We could probably figure out ways to cobble together a solution that works for
most situations, but given that no one is clamoring for KVM to operate this way,
I doubt it'd be worth the effort and complexity.  And it certainly isn't worth
taking on the risk of breaking an existing setup/user.

For the suspend steal time angle, a PV feature bit means both the host and the
guest need to opt-in.  A host opt-in means we can punt to documentation, e.g.
we can document that there are caveats with running VMs across deep suspend, and
the user should consider whether or not they care before enable suspend steal time.
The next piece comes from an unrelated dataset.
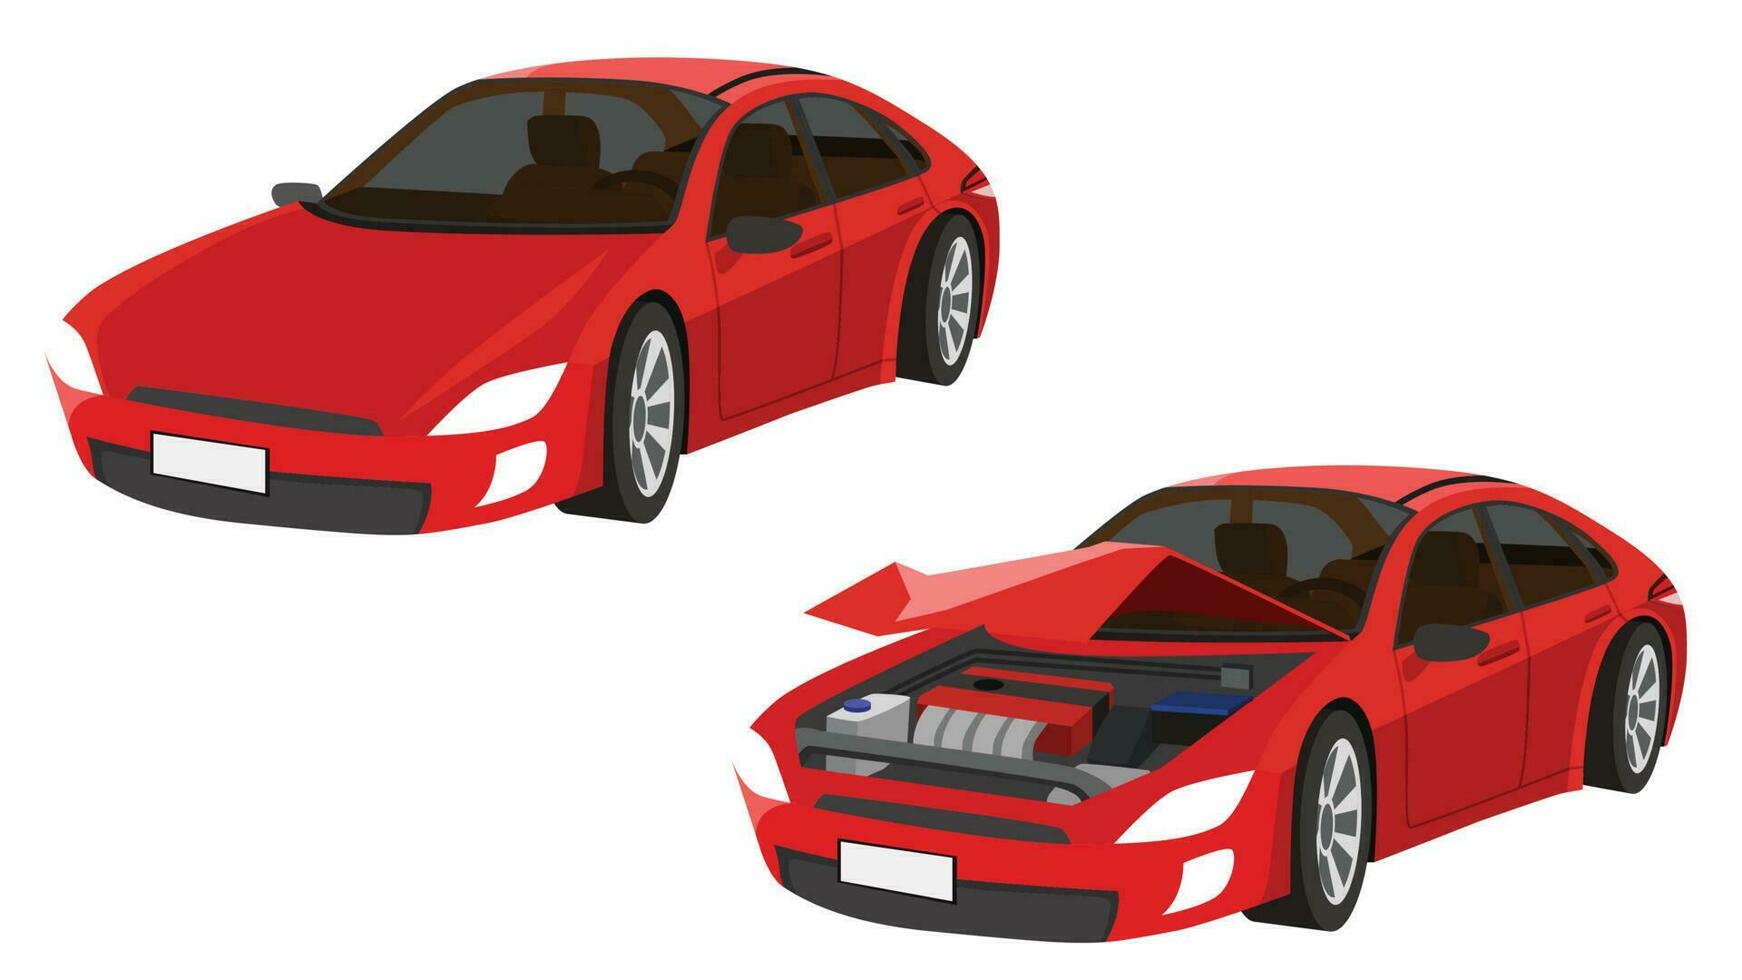 Cartoon vector or illustration isomatic. Status of the red sport car from normal car to the car was slightly damaged. Severely damaged front broken open hood.
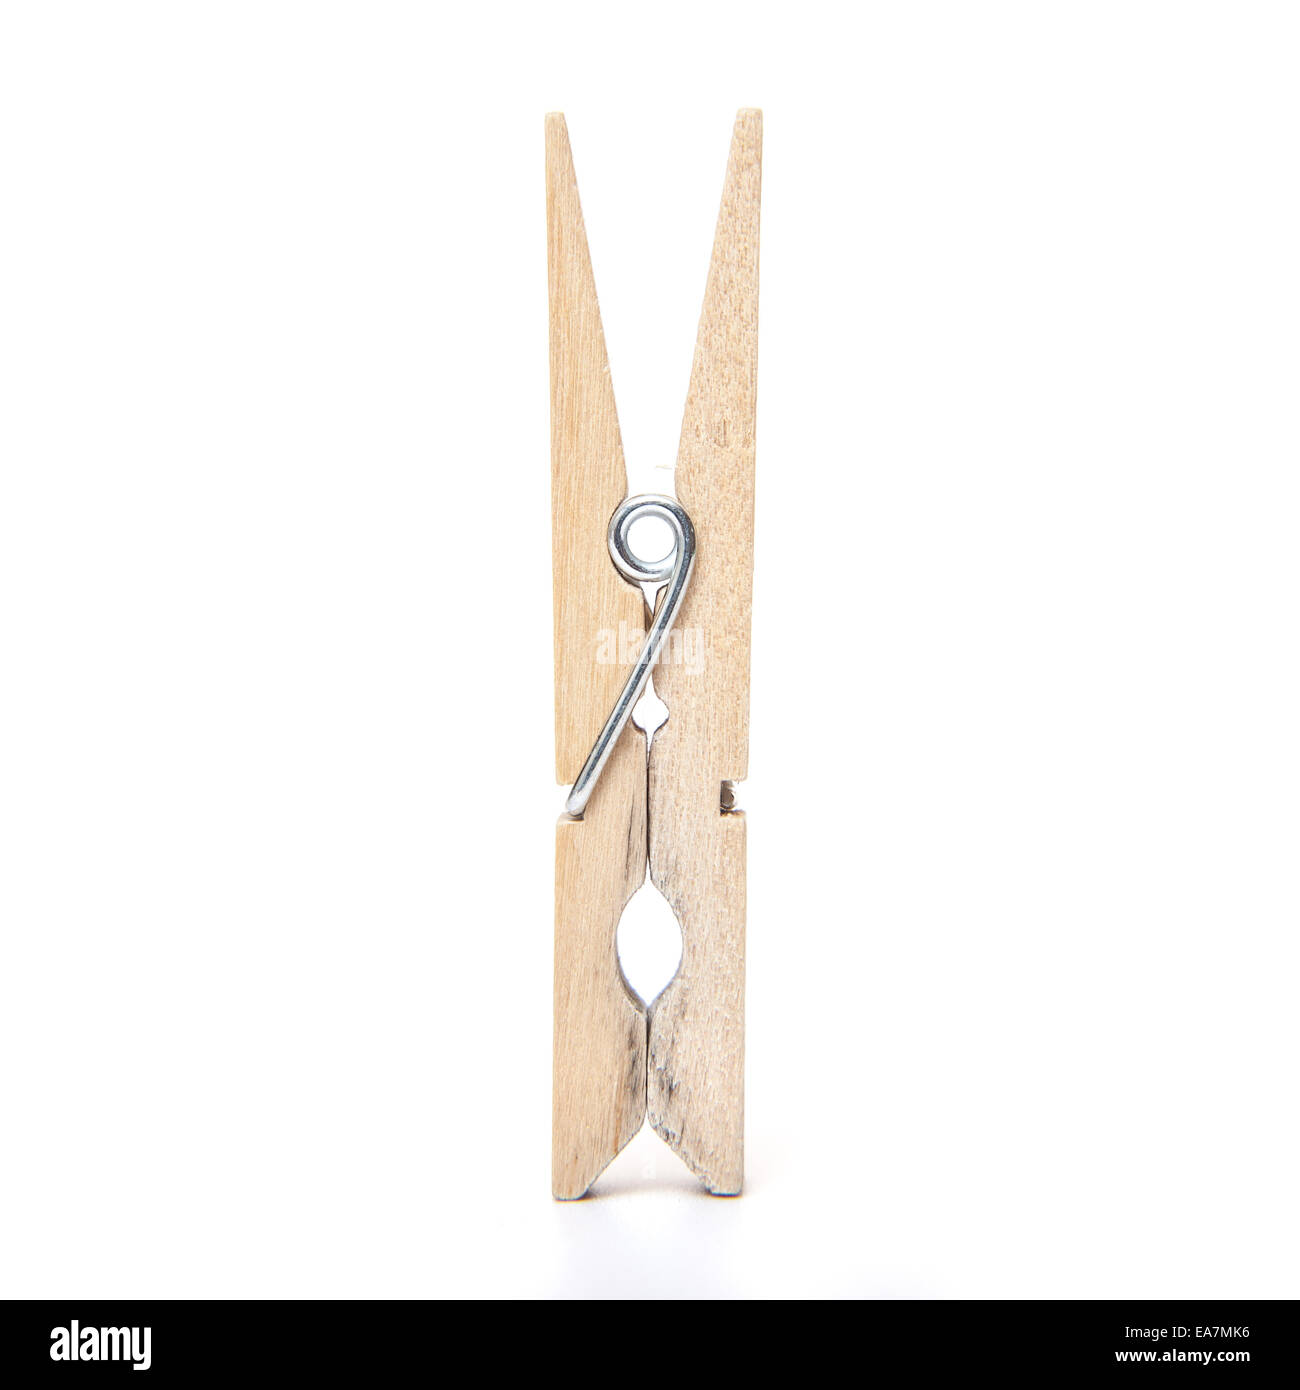 Wooden clothespin. All on white background, Stock Photo

And then if someone really wants KVM to fast-forward time (or comes up with a
simple solution), they can have honor of figuring out how to do so correctly for
all of the crazy TSC flows.

> Suggested-by: Sean Christopherson <seanjc@...gle.com>
> Signed-off-by: Suleiman Souhlal <suleiman@...gle.com>
> ---
>  arch/x86/include/asm/kvm_host.h |  3 ++
>  arch/x86/kvm/x86.c              | 49 ++++++++++++++++++++++++++++++++-
>  2 files changed, 51 insertions(+), 1 deletion(-)
> 
> diff --git a/arch/x86/include/asm/kvm_host.h b/arch/x86/include/asm/kvm_host.h
> index fb01e456b624..e57d51e9f2be 100644
> --- a/arch/x86/include/asm/kvm_host.h
> +++ b/arch/x86/include/asm/kvm_host.h
> @@ -1415,6 +1415,9 @@ struct kvm_arch {
>  	u64 cur_tsc_offset;
>  	u64 cur_tsc_generation;
>  	int nr_vcpus_matched_tsc;
> +#ifdef CONFIG_X86_64
> +	bool host_was_suspended;

Adding an #idfef to save a single bool isn't worth it, especially since it
necessitates a wrapper (or more #ifdefs).  For something like this, I'd just
set it unconditionally, and then esentially ignore it for 32-bit, along with a
comment explaining why we can't do anything useful for 32-bit.

> +#endif
>  
>  	u32 default_tsc_khz;
>  	bool user_set_tsc;
> diff --git a/arch/x86/kvm/x86.c b/arch/x86/kvm/x86.c
> index a9d992d5652f..422c7fcc5d83 100644
> --- a/arch/x86/kvm/x86.c
> +++ b/arch/x86/kvm/x86.c
> @@ -2779,7 +2779,7 @@ static inline void adjust_tsc_offset_guest(struct kvm_vcpu *vcpu,
>  	kvm_vcpu_write_tsc_offset(vcpu, tsc_offset + adjustment);
>  }
>  
> -static inline void adjust_tsc_offset_host(struct kvm_vcpu *vcpu, s64 adjustment)
> +static inline void __adjust_tsc_offset_host(struct kvm_vcpu *vcpu, s64 adjustment)
>  {
>  	if (vcpu->arch.l1_tsc_scaling_ratio != kvm_caps.default_tsc_scaling_ratio)
>  		WARN_ON(adjustment < 0);
> @@ -4995,6 +4995,52 @@ static bool need_emulate_wbinvd(struct kvm_vcpu *vcpu)
>  
>  static DEFINE_PER_CPU(struct kvm_vcpu *, last_vcpu);
>  
> +#ifdef CONFIG_X86_64
> +static void kvm_set_host_was_suspended(struct kvm *kvm)
> +{
> +	kvm->arch.host_was_suspended = true;
> +}
> +
> +static void adjust_tsc_offset_host(struct kvm_vcpu *vcpu, u64 adj)
> +{
> +	unsigned long flags;
> +	struct kvm *kvm;
> +	bool advance;
> +	u64 kernel_ns, l1_tsc, offset, tsc_now;
> +
> +	kvm = vcpu->kvm;
> +	advance = kvm_get_time_and_clockread(&kernel_ns, &tsc_now);
> +	raw_spin_lock_irqsave(&kvm->arch.tsc_write_lock, flags);
> +	/*
> +	 * Advance the guest's TSC to current time instead of only preventing
> +	 * it from going backwards, while making sure all the vCPUs use the
> +	 * same offset.
> +	 */
> +	if (kvm->arch.host_was_suspended && advance) {
> +		l1_tsc = nsec_to_cycles(vcpu,
> +					kvm->arch.kvmclock_offset + kernel_ns);
> +		offset = kvm_compute_l1_tsc_offset(vcpu, l1_tsc);

This is where my idea really falls apart.  For this to be correct, KVM would need
to know the relationship between a vCPU's TSC offset and kvmclock_offset.  The
simplest thing would likely be to do something like force an update if and only
if TSCs are matched across all vCPUs, but trying to reason about how that would
work when vCPUs account for the suspend time at different and arbitrary times
makes my head hurt.

One idea I might fiddle with is to snapshot get_kvmclock_base_ns() on suspend
and then grab it again on resume, and use _that_ delta for tsc_offset_adjustment.
But that's something that can be pursued separately (if at all; I don't see any
reason to gate suspend steal time on it.